United States | Business Continuity and Protection from Malicious Attacks in Microsoft Azure – Part 3

Neil Hoffman - 22.10.2021

Business Continuity and Protection from Malicious Attacks in Microsoft Azure – Part 3

United States | Business Continuity and Protection from Malicious Attacks in Microsoft Azure – Part 3

In [Part 1] of this series, we looked at ways to leverage Azure Backup Soft Delete, Backup Alert Notifications and Azure Backup Policies to help protect our valuable data in Azure from malicious attacks.

In [Part 2] of this series, we looked at ways to leverage Immutable Blob Storage to protect Azure VMs by copying the VHD files into Azure Storage containers protected with time-based retention policies.

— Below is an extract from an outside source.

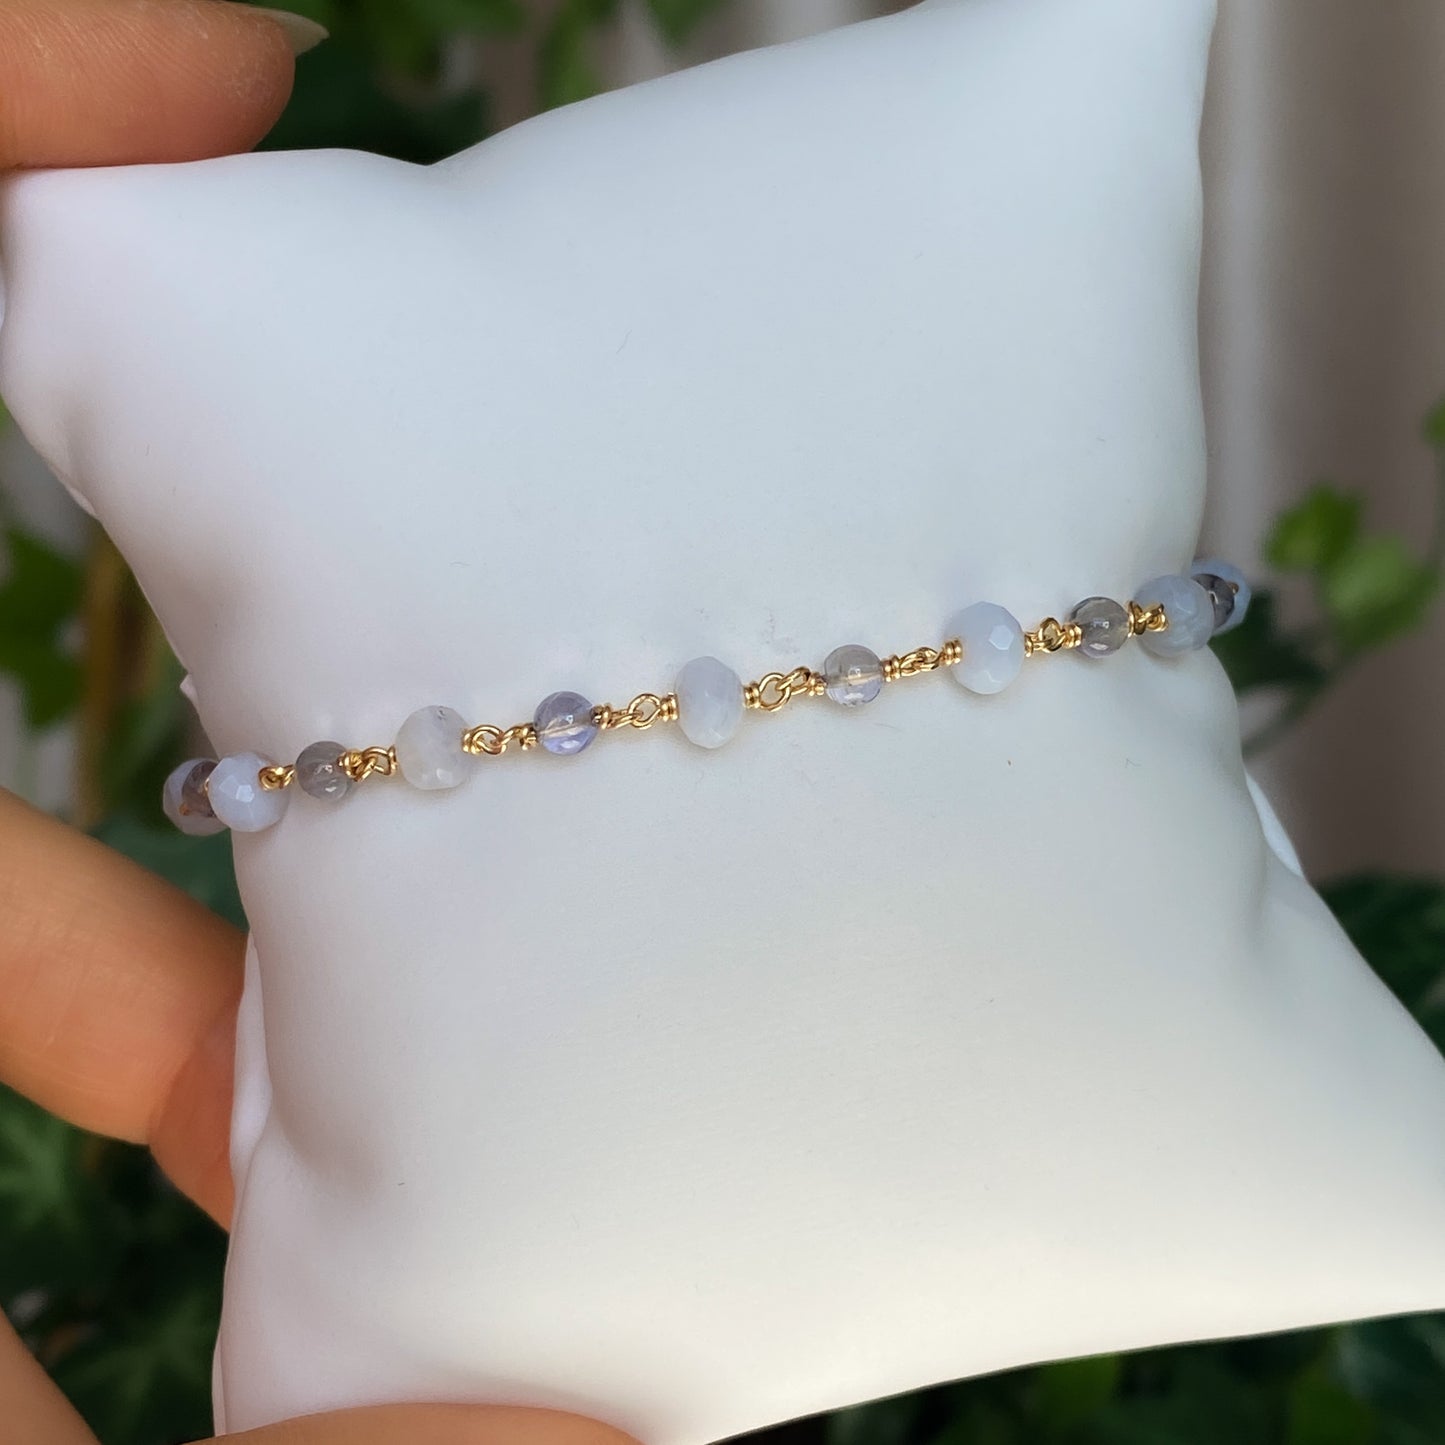 Cosette ~ Blue Lace Agate, Iolite, and 14k Gold Filled Bracelet

Now we’ve configured Azure Backup with Soft Delete as our first line of defence and protected our VMs with Immutable Blob retention policies, we will now look at protecting other Azure resources to contain irreplaceable data which could also be deleted by a malicious actor.

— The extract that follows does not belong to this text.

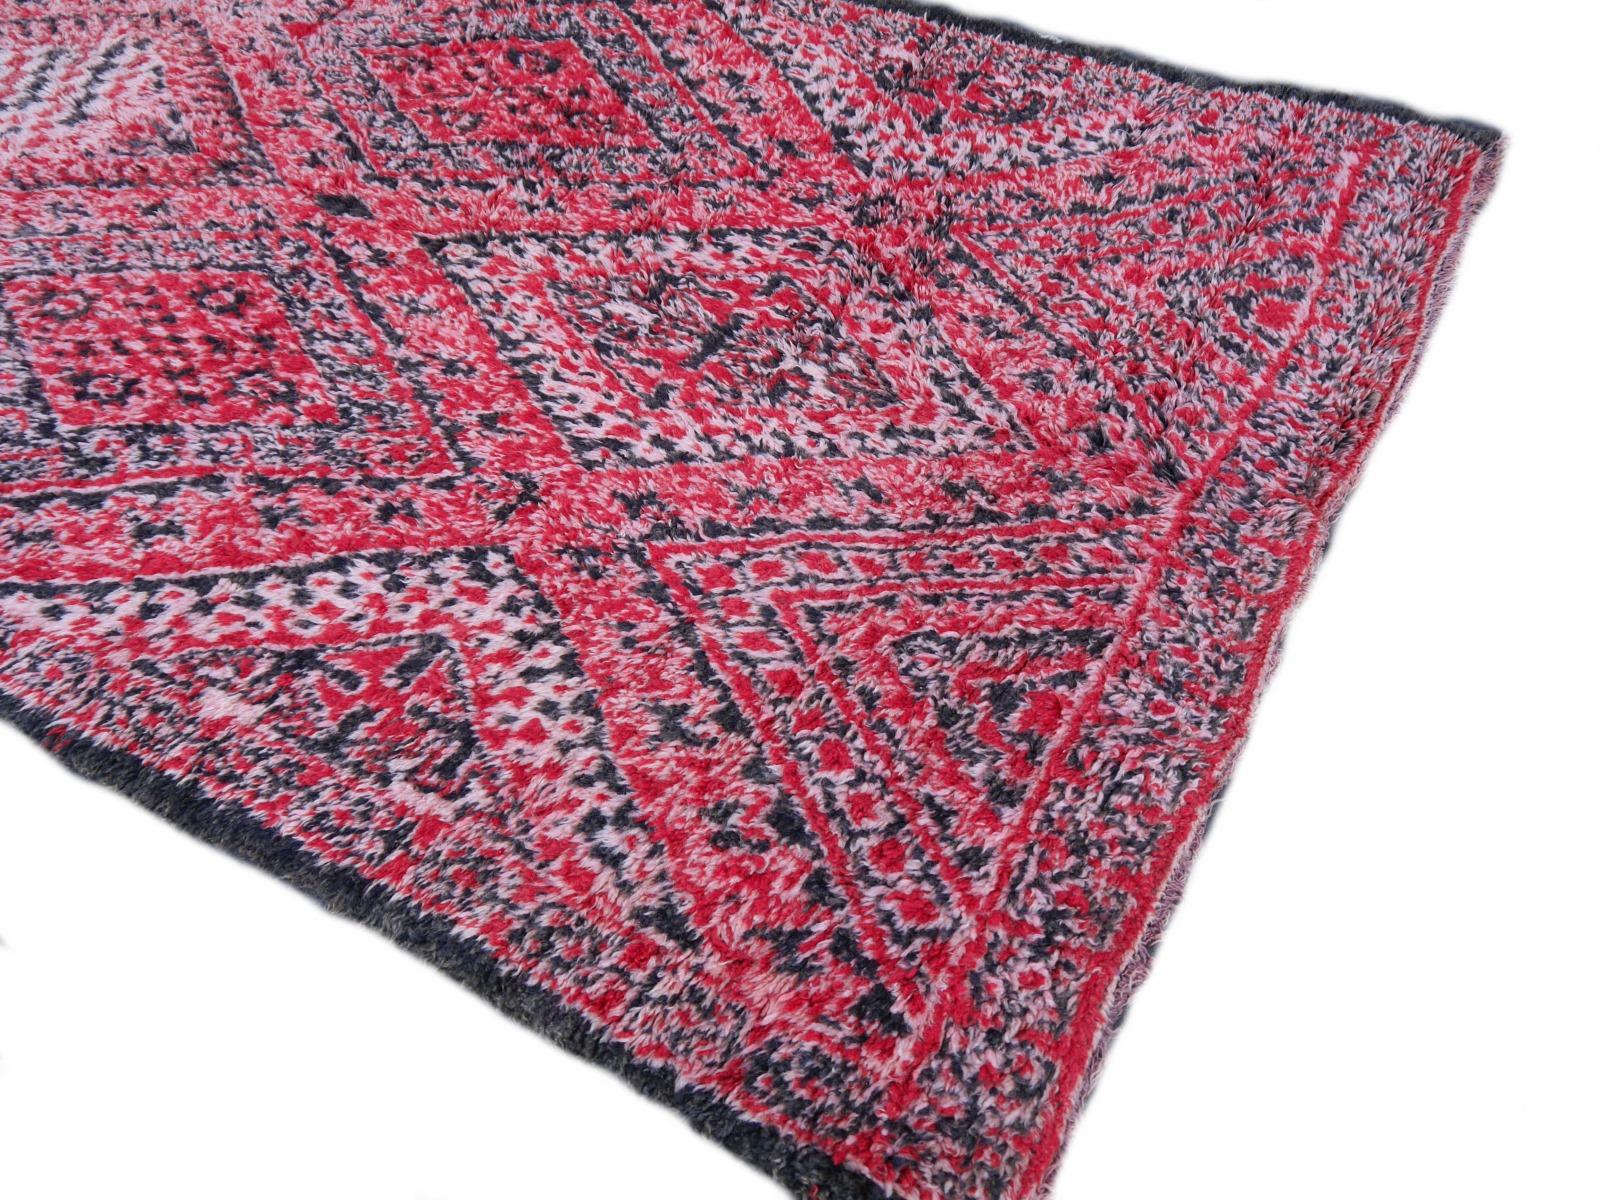 Moroccan Vintage Rug North African Diamond Design Wool Red Pink Charcoal White For Sale 9

This multi-part blog series aims to explore some alternative and relatively inexpensive ways to mitigate this risk. In this blog we’ll look at a way to protect Azure SQL from malicious deletion.

AZURE SQL

Azure SQL does not leverage Azure Backup for retention and restores, rather it has its own backup and restore functionality built into the platform.

Azure SQL Restore Points

Azure SQL maintains Point in Time Restore (PIRT) recovery points from 1 to 35 days as well as Long Term Retention (LTR) recovery points for configurable periods. Azure SQL PITR recovery points cannot be deleted, however, LTR recovery points can be deleted.

As with a Recovery Service Vault, there is some level of failsafe, especially with PITR, although no airtight protection. If an Azure SQL Database and its long-term recovery points are deleted, it can still be restored based on available PITR recovery points, however there is a gap in the protection. If the parent SQL Server object is deleted, then everything will be permanently erased and unrecoverable. This is the worst-case scenario we are addressing.

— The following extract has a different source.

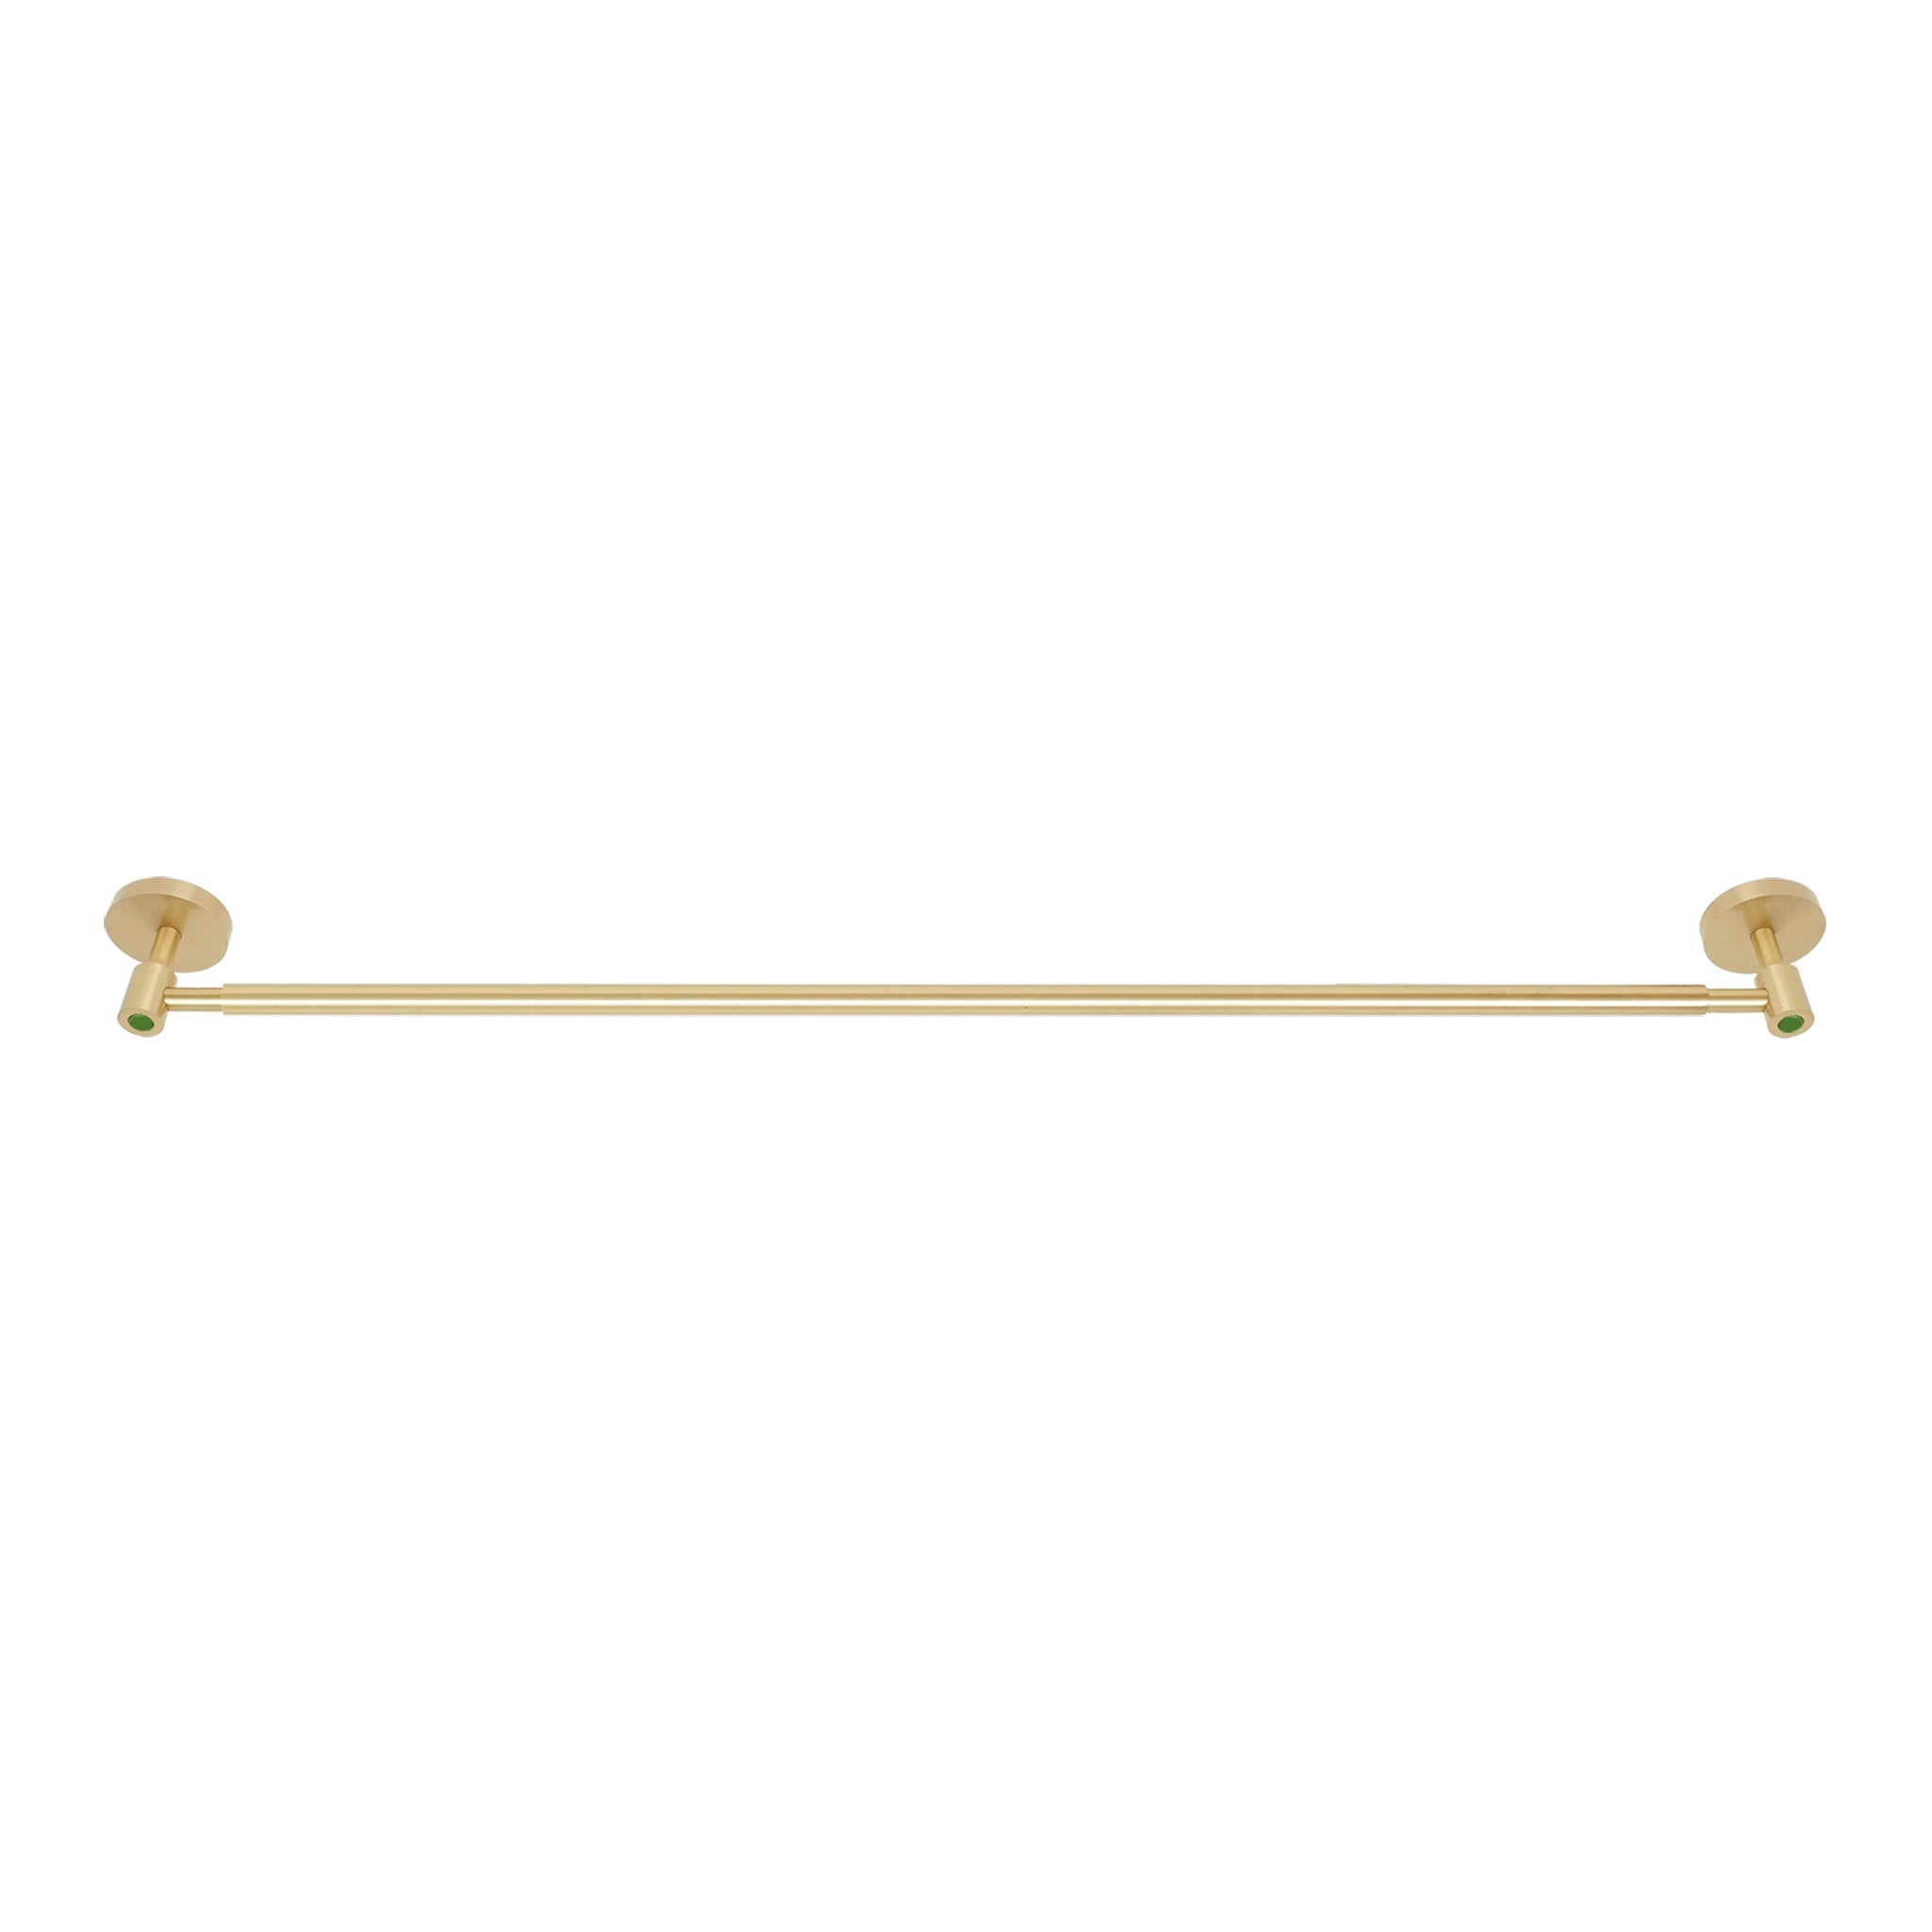 Brass and python green color Head towel bar 24" Dutton Brown hardware

Azure SQL Database Exports

Once again, we are looking to leverage Immutable Blob storage for this scenario. Azure SQL can export a database to a BACPAC file and can be used to restore the database to a new SQL server, which will serve us well for this use case. BACPAC files can be manually exported in the portal, however for this we will want to create a process which can run on a schedule as we described with Azure VM protection in Part2.

Azure SQL Database Preparation

There is another concern here before we begin. We want to make sure the database is in a consistent state when it is exported with no transactions being committed during the export process. In addition, we would rather not run the export against the active database as there could be a performance impact. To satisfy both concerns, we will make a copy of the database first, which will be transactionally intact. Then we will run our export to BACPAC against the copy. Once the export completes, the script will delete the copy. Again, this will mirror the behavior of the process we’ve developed for Azure VMs and their Managed Snapshots in Part 2.

Before we begin there is one critical setting we need in place or the job will fail. The Azure SQL Server which hosts the database(s) will have to allow the export command to run. Navigate to the SQL Server object and click ‘Firewalls and virtual networks’ and make sure ‘Allow Azure services and resources to access this server’ is set to Yes.

Creating a Process

At this point, all the parts are in place to create a script to make copies of the Azure SQL Databases, export those copies as BACPAC files to the immutable storage container and delete the database copies. You can also set this script to run using Azure Automation on a daily schedule and add functionality to purge data out of the retention range, which I haven’t included in the sample as of this writing.

One last note, the sample script stores the username and password for the SQL server directly in the script, which is not good practice. It would be better to store those sensitive secrets in Azure Key Vault.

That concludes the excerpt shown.